Collection entries:
----------------

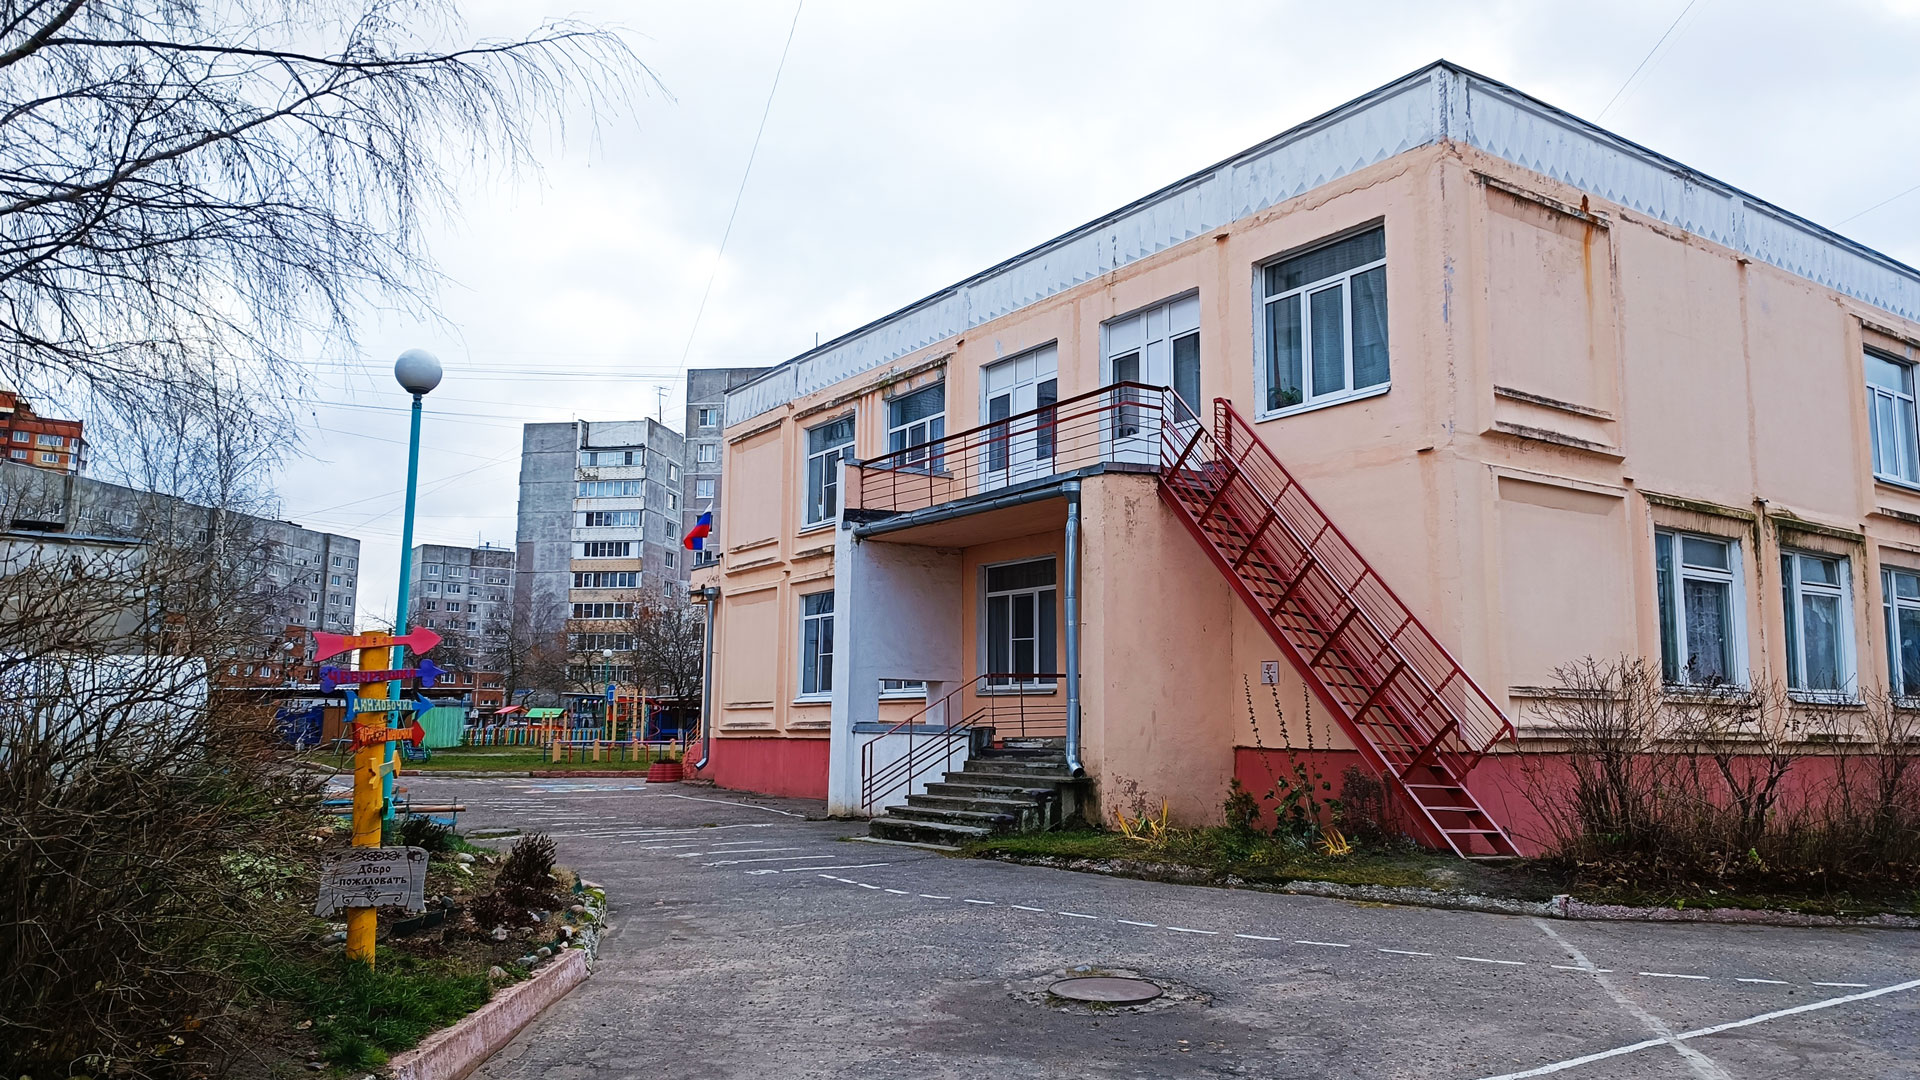 Детский сад 30 Ярославль: общий вид здания.
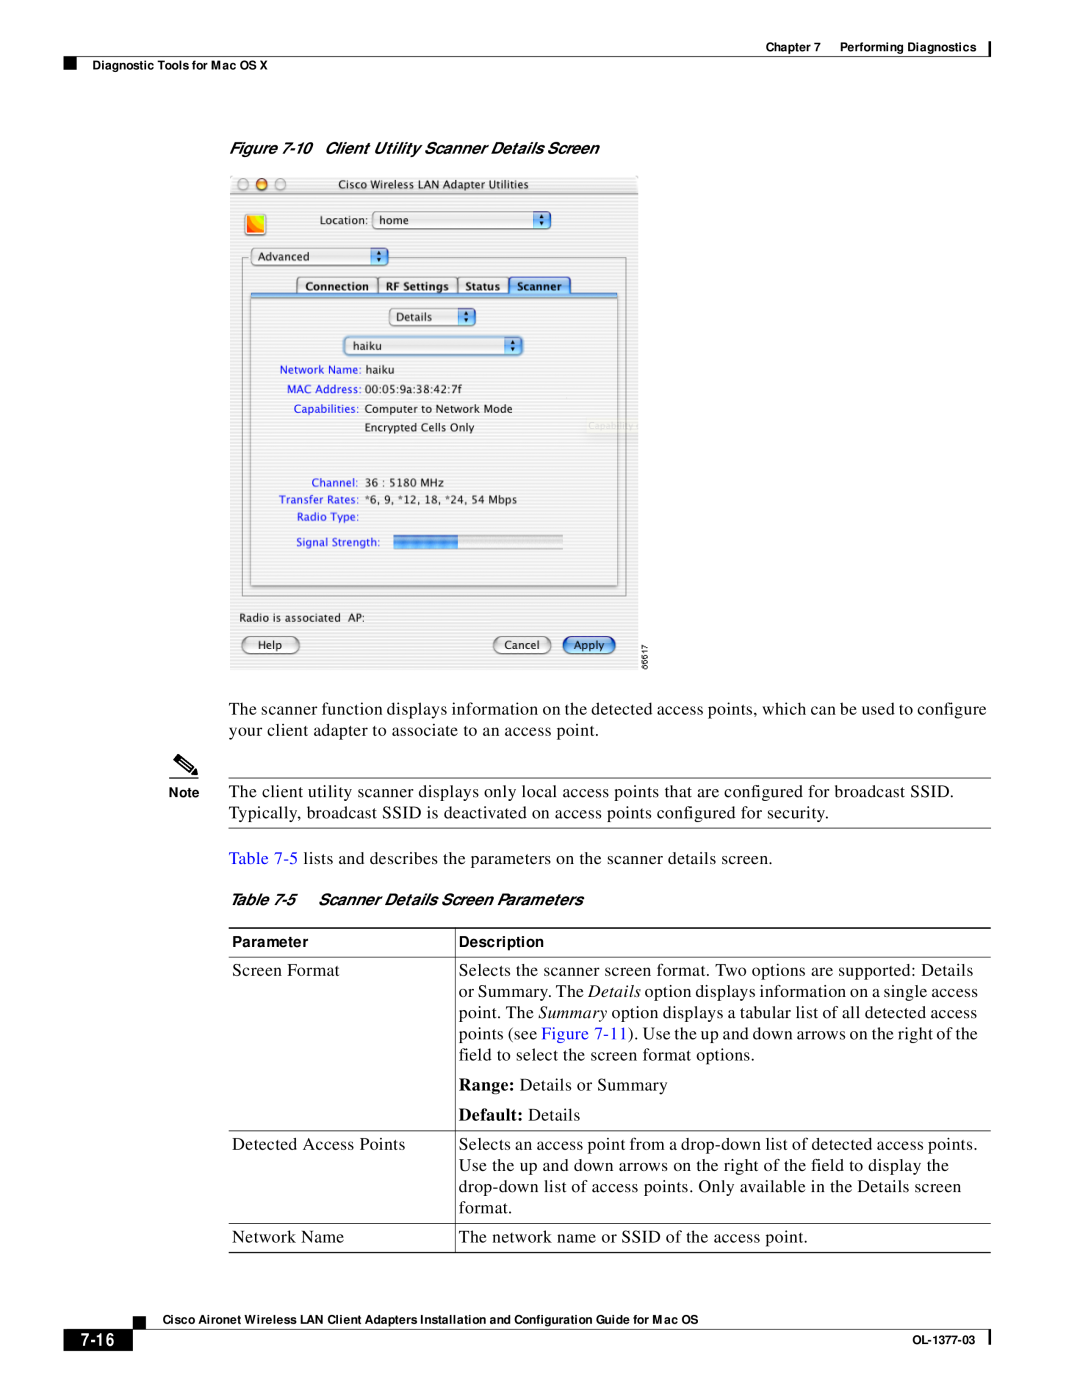 Cisco Systems OL-1377-03 manual Default Details, 7-16, Parameter, Description, 10 Client Utility Scanner Details Screen 
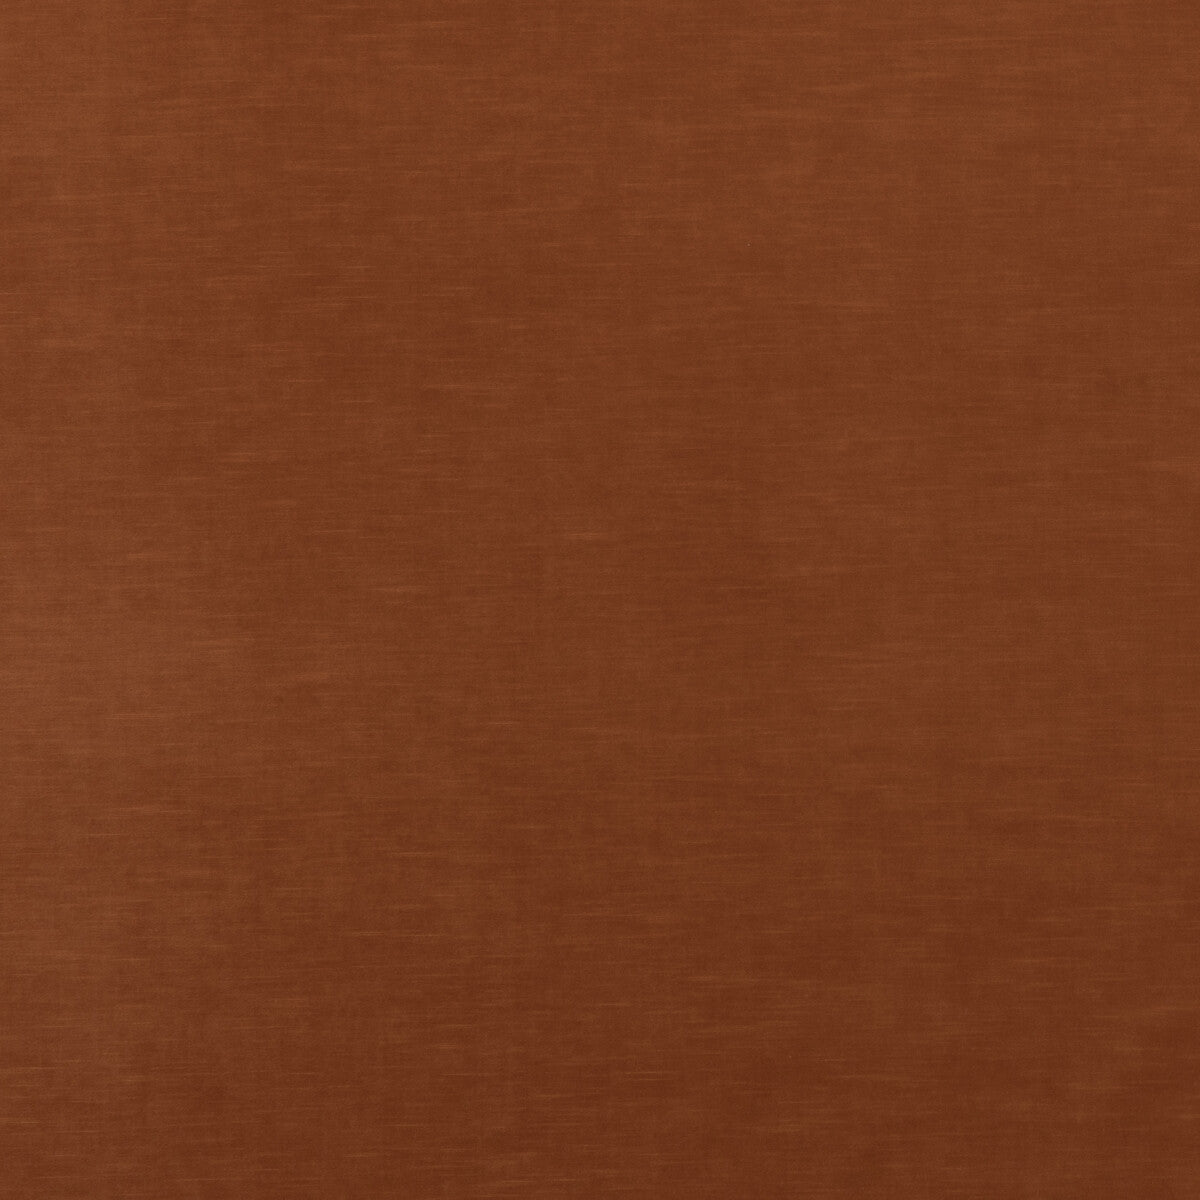 Quintessential Velvet fabric in tawny color - pattern ED85359.344.0 - by Threads in the Quintessential Velvet collection
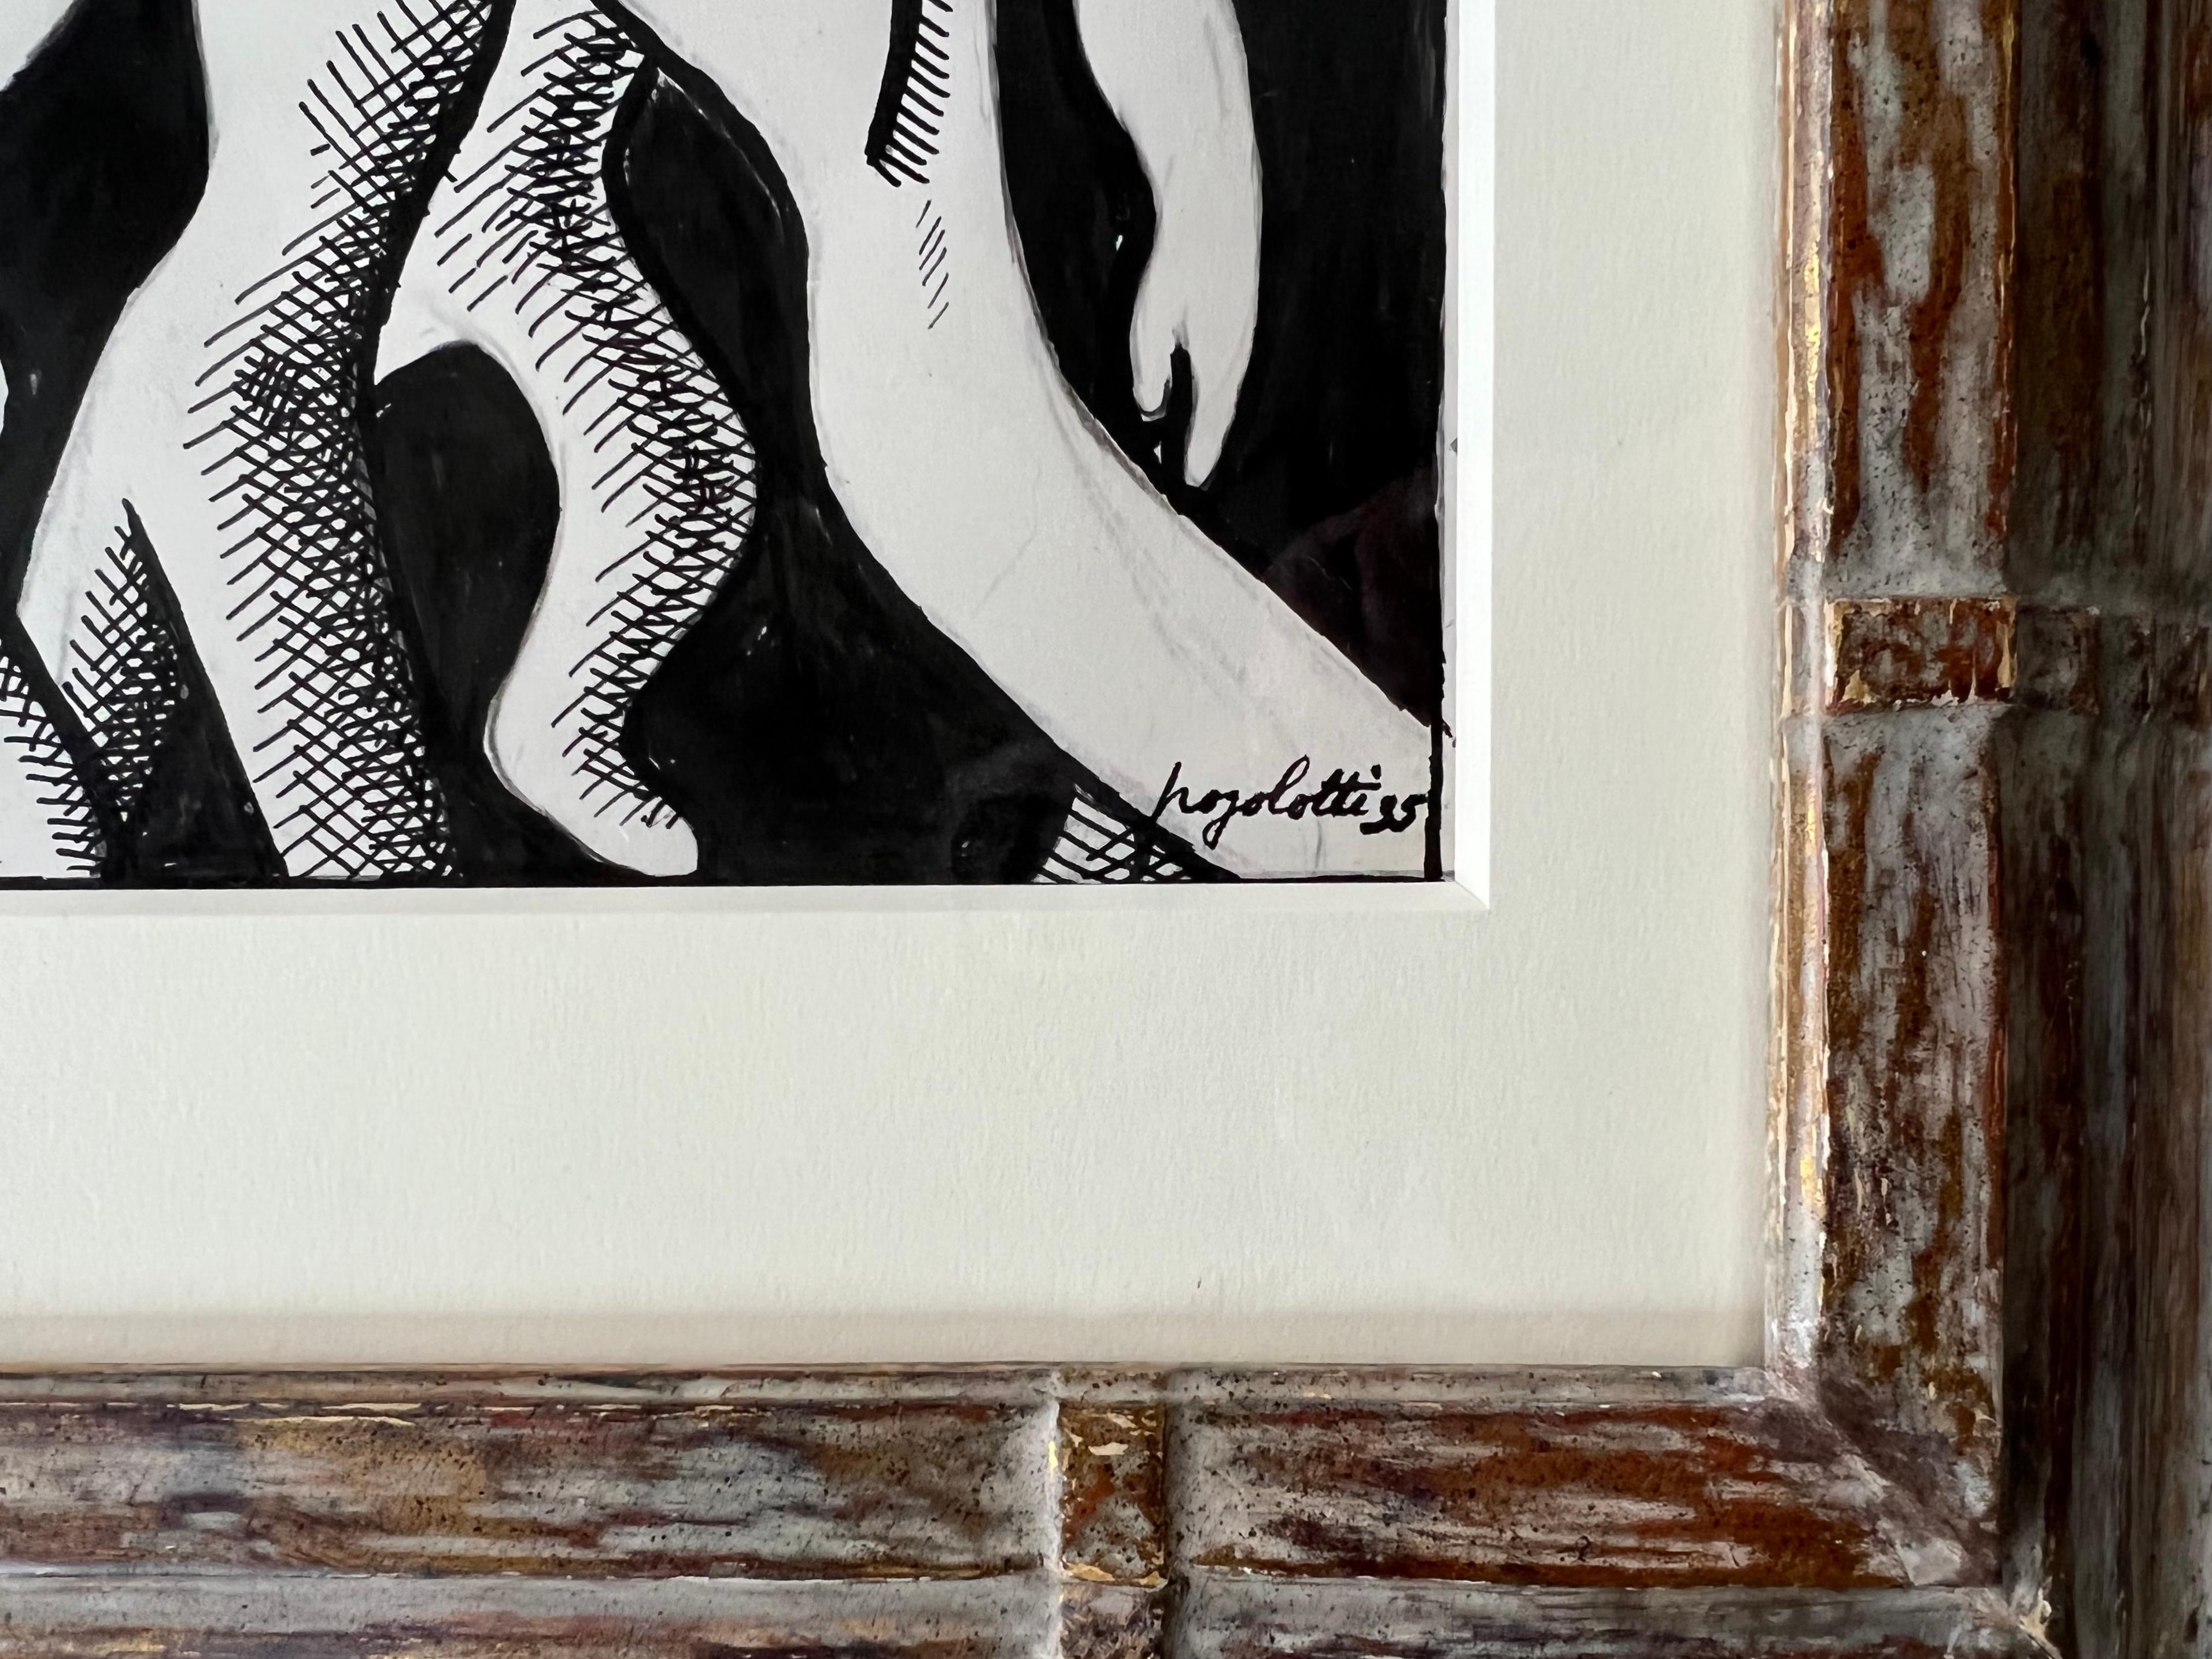 « Steel Factory » Cuban Mid 20th Century Modern Drawing WPA Latin Art Industrial

Encre sur papier. 12 x 19 pouces. Pogolotti a vécu à Paris dans les années 1930. Le dessin présenté ici provient de la Collectional de son ophtalmologue parisien, le

----------------

ASSIGNMENT | Drop the pictures and reproduce the rest of the data exactly.

OUTPUT OF THE EXERCISE |
 Детский сад 30 Ярославль: общий вид здания.
 Cisco Systems OL-1377-03 manual Default Details, 7-16, Parameter, Description, 10 Client Utility Scanner Details Screen 
 Quintessential Velvet fabric in tawny color - pattern ED85359.344.0 - by Threads in the Quintessential Velvet collection
 « Steel Factory » Cuban Mid 20th Century Modern Drawing WPA Latin Art Industrial

Encre sur papier. 12 x 19 pouces. Pogolotti a vécu à Paris dans les années 1930. Le dessin présenté ici provient de la Collectional de son ophtalmologue parisien, le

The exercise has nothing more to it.